Comments adjacent to a member declaration (before and after) are sometimes 
considered as belonging to it and sometimes not. I have studied the affects of 
Cut and Delete commands in the Members View in the Java Browsing perspective, 
drag & drop from the Members View to the Type View, and the Show Source of 
Selected Element Only mode of the Java Text Editor, and they apply complex and 
differing heuristics. 

I think it would be reasonable that: 

(Basic requirement) The member declaration source code is regarded by the 
Members View as being exactly the source code shown by the Java Text Editor in 
Show Source of Selected Element Only mode. Editing commands including drag & 
drop must only affect the source code of the involved members.

To fix this, the heuristics for associating comments with member declarations 
must be unified. As input to this work, I would like to propose a couple of 
principles to make editing using the Member View commands safer and more 
profitable:

(1) Given one version of the code, the heuristics clearly must associate each 
comment to either zero or one member declaration.

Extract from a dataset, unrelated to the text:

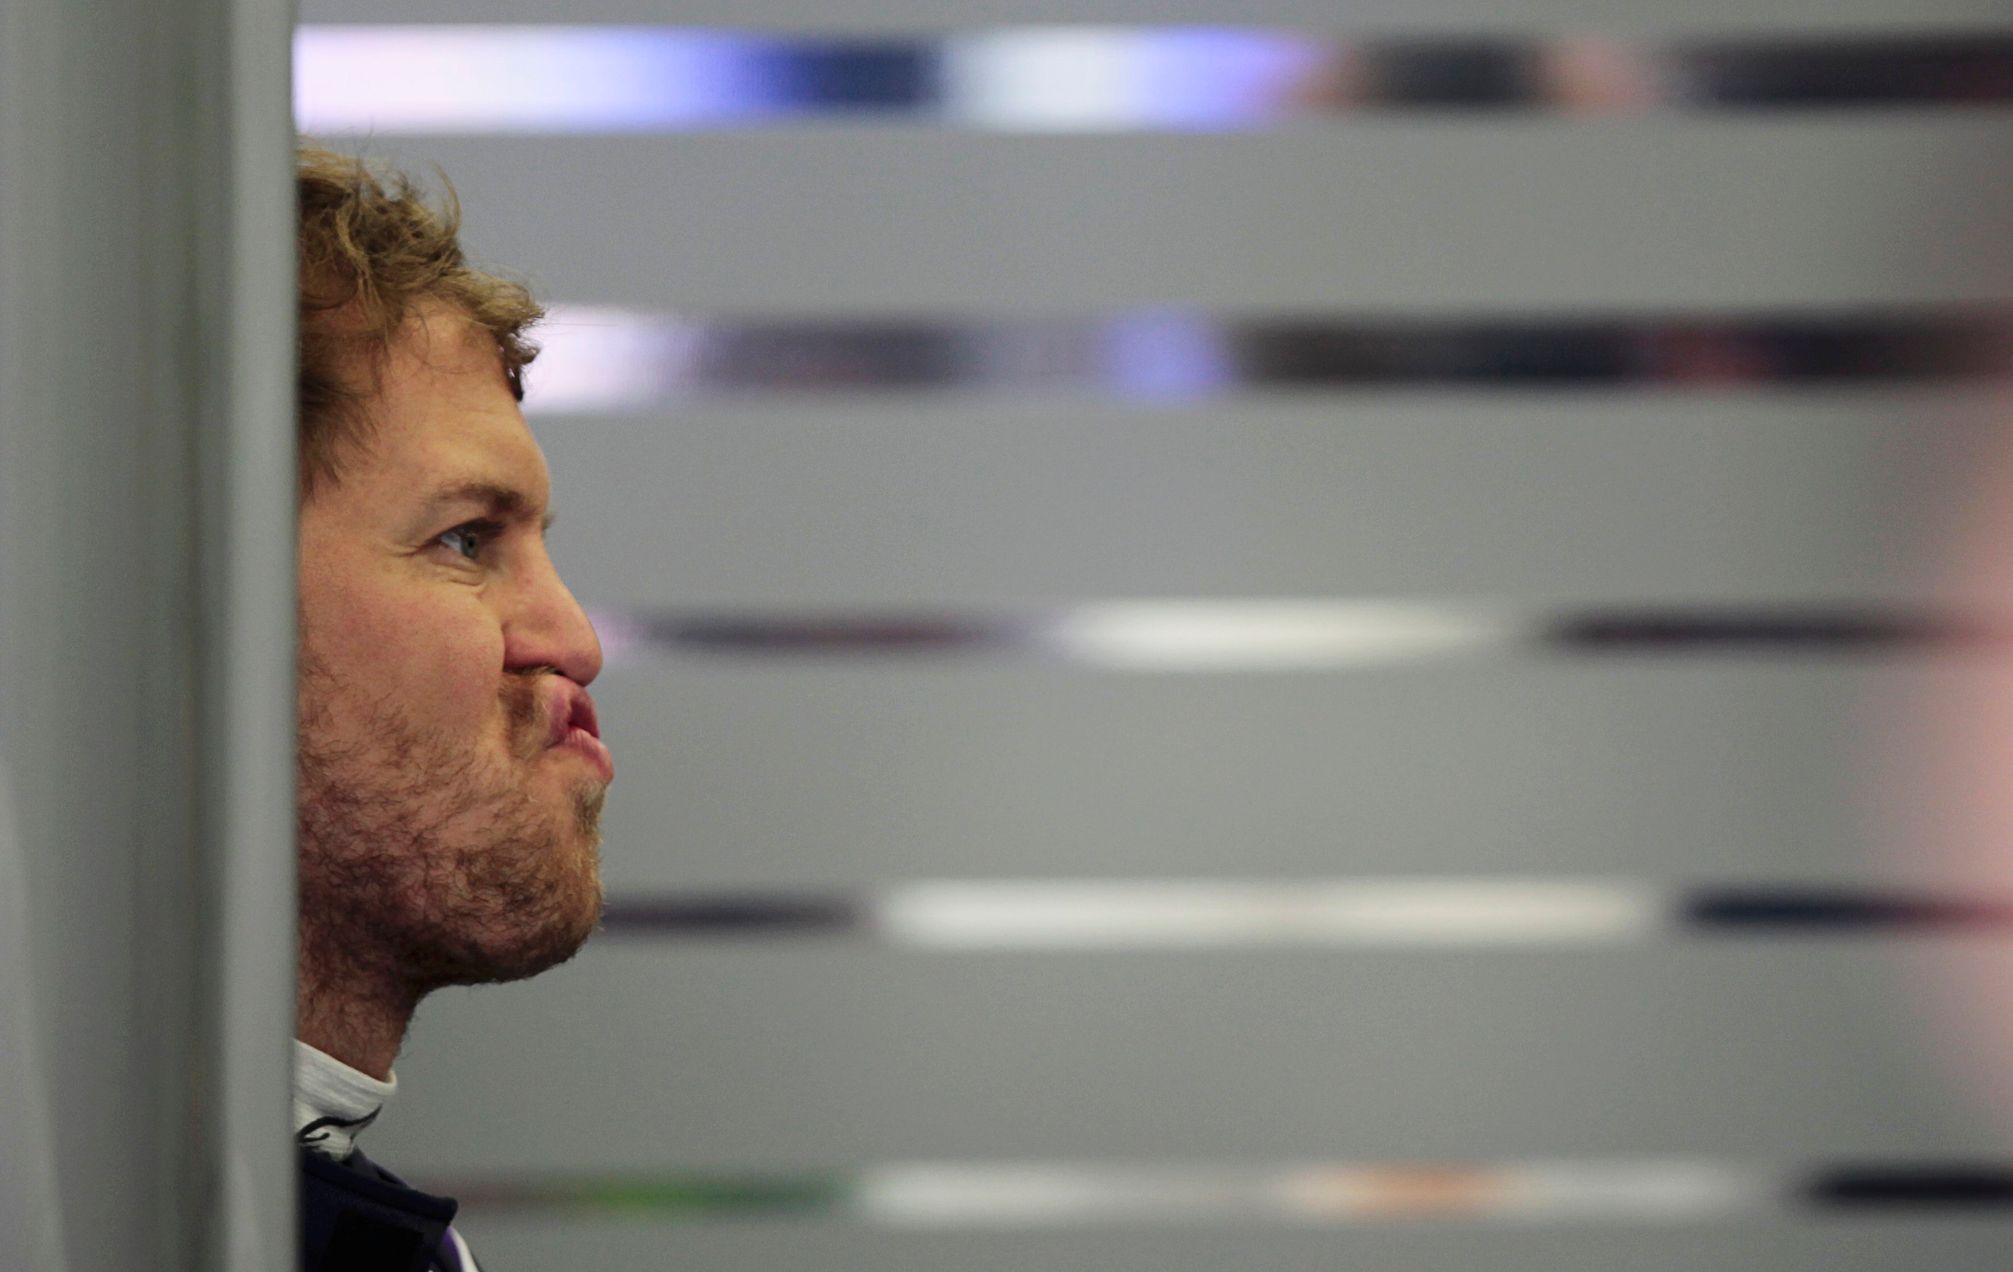 Red Bull Formula One driver Sebastian Vettel of Germany reacts during the first practice session of the Bahrain F1 Grand Prix at the Bahrain International Circuit (BIC) in Sakhir

(2) There must be a well defined means of avoiding that a file-related comment 
(like a header for a sequence of declarations) is associated with any member 
declaration. This is the reason for the word zero above.

The second principle (2) is particularly important to me as it was while trying 
to figure out the (currently not so well defined) means for keeping heading-
like comments out of harms way that I discovered how broken this was. And it 
does appear that at present there exists no such means.
 
Findings in 3.0 M3:

(a) The Cut and Delete commands in the Members View removes all preceding 
comments not separated from the deleted member declaration with at least on 
blank line, and all succeeding comments separated from the next member with at 
least on blank line. Javadoc comments are treated differently. However if the 
member is a method and the only member of the class, all preceding comments are 
removed but no succeeding ones.
 
(b) The Show Source of Selected Element Only text editor mode will show all 
comments preceding the selected member in addition to the member declaration.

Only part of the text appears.